AHFS class

class ahfs_class.ahfs.AHFS(k: int, data_bin: int = 5, target_bin: int = 2, save_precomp: bool = True, save_precomp_path: str | None = None, load_precomp_path: str | None = None, is_in_pipeline: bool = False, verbose: int = 1)
__init__(k: int, data_bin: int = 5, target_bin: int = 2, save_precomp: bool = True, save_precomp_path: str | None = None, load_precomp_path: str | None = None, is_in_pipeline: bool = False, verbose: int = 1)

Implements the Adaptive Hybrid Feature Selection (AHFS) algorithm by Viharos et al. https://doi.org/10.1016/j.patcog.2021.107932

Parameters:
  • k (int) – Number of features to select.

  • data_bin (int) – How many bins to discretize the dataset into, excluding the target variable. If 0, no discretization is performed. Default value is 5.

  • target_bin (int) – How many bins to discretize the target into. Effectively sets the number of classes. If 0, no discretization is performed. Default value is 2.

  • save_precomp (bool) – Whether to save all basic measures computed during the precomputing phase in a binary .npy file. Path is set by save_precomp_path. Default value is True.

  • save_precomp_path (str | None) – If save_precomp is True, sets the path for saving the precomputed basic measures. If this variable’s value is None, saves into the current directory with filename format “measures_{time.time_ns()}.npy”. Default value is None.

  • load_precomp_path (str | None) – Path to load the precomputed basic measures from, skipping the precomputing phase. File must be a binary numpy file. If None, precomputing is not skipped. Default value is None.

  • is_in_pipeline (bool) – Set to True if the algorithm is intended to be part of a scikit-learn pipeline. Changes the return value of transform() to X and y. Default value is False.

  • verbose (int) – Controls global verbosity, including feature selection measures. 0: no output, 1: feature selection measure execution time, selected feature and metric, and basic algorithm steps are printed, 2: all steps are printed. Default value is 1.

entropies_wrapper(index: tuple[int, int] | tuple[int, int, int]) list[float, tuple]
evaluate() tuple[int, float | floating, float | floating]

Evaluates the selected feature set using a specific evaluator.

Returns:

The newly selected feature, loss, accuracy.

Return type:

tuple[int, float, float]

fit(X: ndarray, y: ndarray) None

Placeholder function to ensure compatibility with scikit-learn interface.

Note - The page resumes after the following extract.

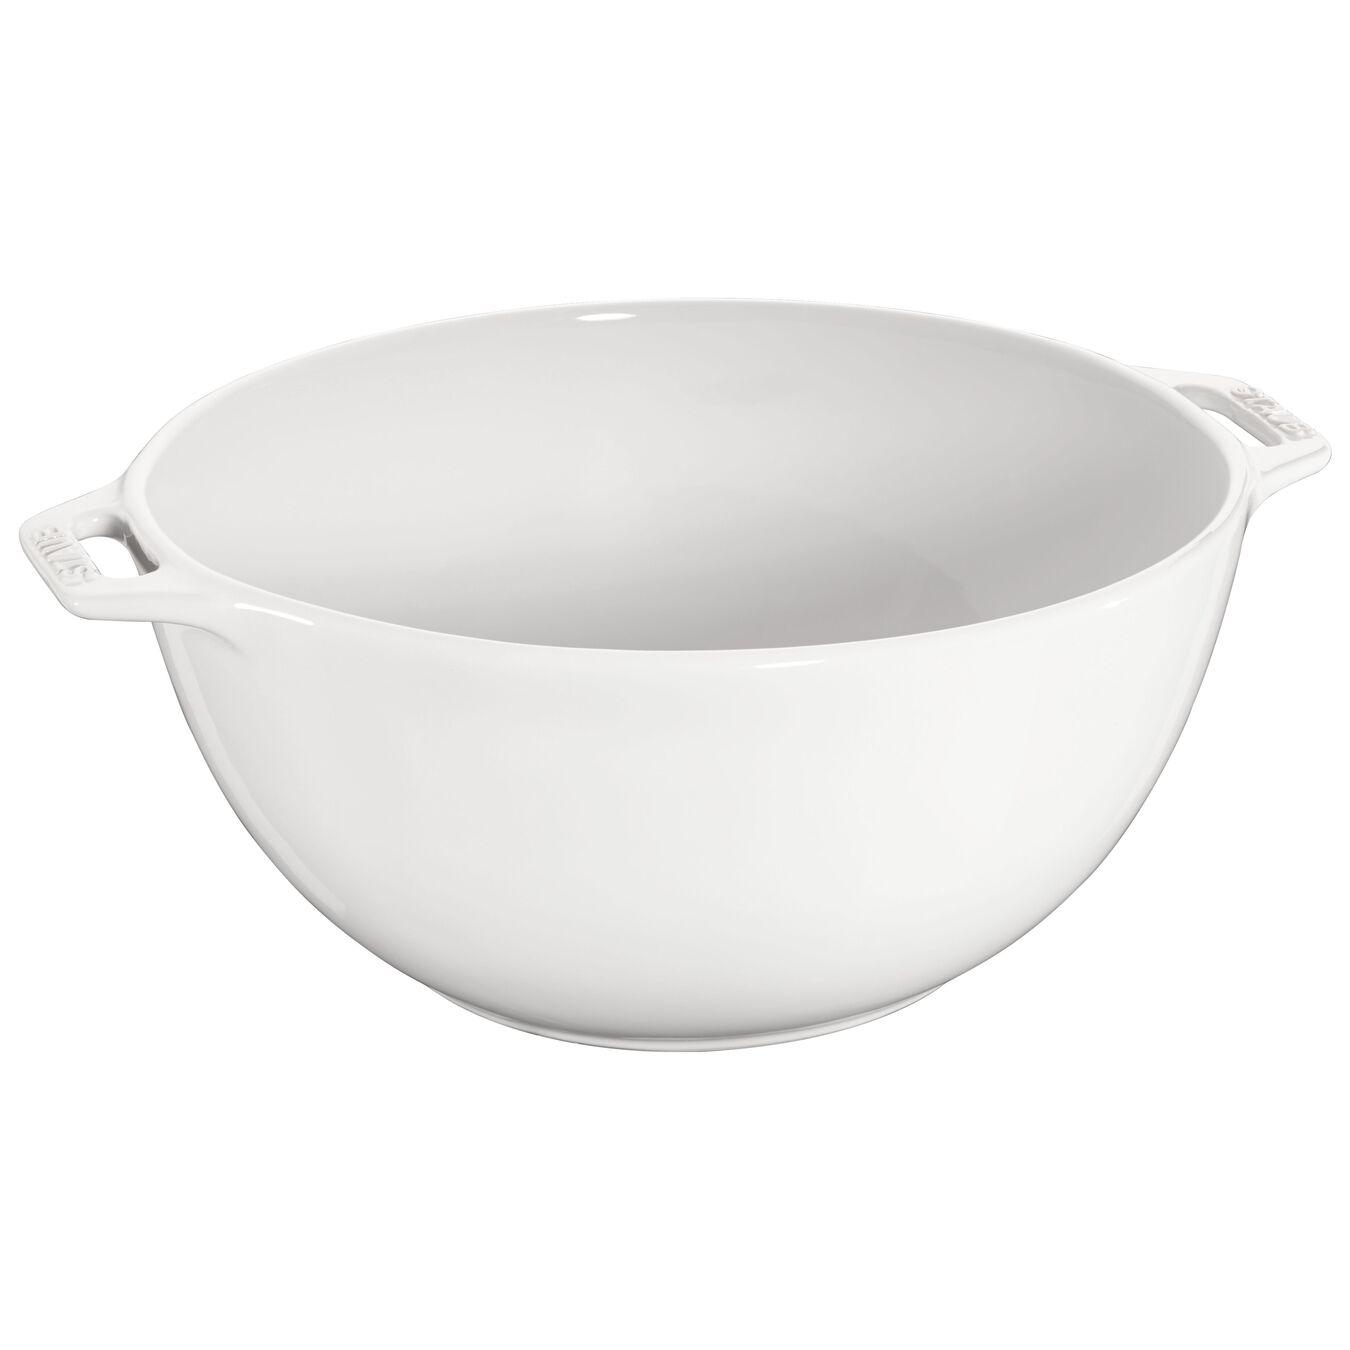 9.5-inch Large Serving Bowl - White,,large 1

nn_one_fold(candidate: int, train_index: ~numpy.ndarray, test_index: ~numpy.ndarray, nn_layers: list[[<class 'int'>, typing.Optional[typing.Callable[[float], float]]]]) tuple[int, float, float]

One fold of an evaluation. Used for parallel execution of the evaluation phase if CPU is used.

Parameters:
  • candidate (int) – Candidate feature index.

  • train_index (np.ndarray) – Row index of train samples.

  • test_index (np.ndarray) – Row index of test samples.

  • nn_layers (list[[int, Callable[[float], float]|None], ]) – Layers of the neural network.

Returns:

Candidate index, loss and accuracy associated with the candidate.

Return type:

tuple[int, float, float]

transform(X: ndarray, y: ndarray) tuple[list[int], list[float], list[float], dict[slice(<class 'str'>, <class 'int'>, None)], list[float], float] | tuple[~numpy.ndarray, ~numpy.ndarray]

Applies the Adaptive Hybrid Feature Selection algorithm on the dataset.

Parameters:
  • X (np.ndarray) – Numpy array holding the data.

  • y (np.ndarray) – Target vector.

Returns:

If is_in_pipeline was set to False: A list of the selected features, loss of the selected feature set, accuracy of the selected feature set, features selected per iteration. If is_in_pipeline was set to True: The original dataset containing only the selected features, target variable.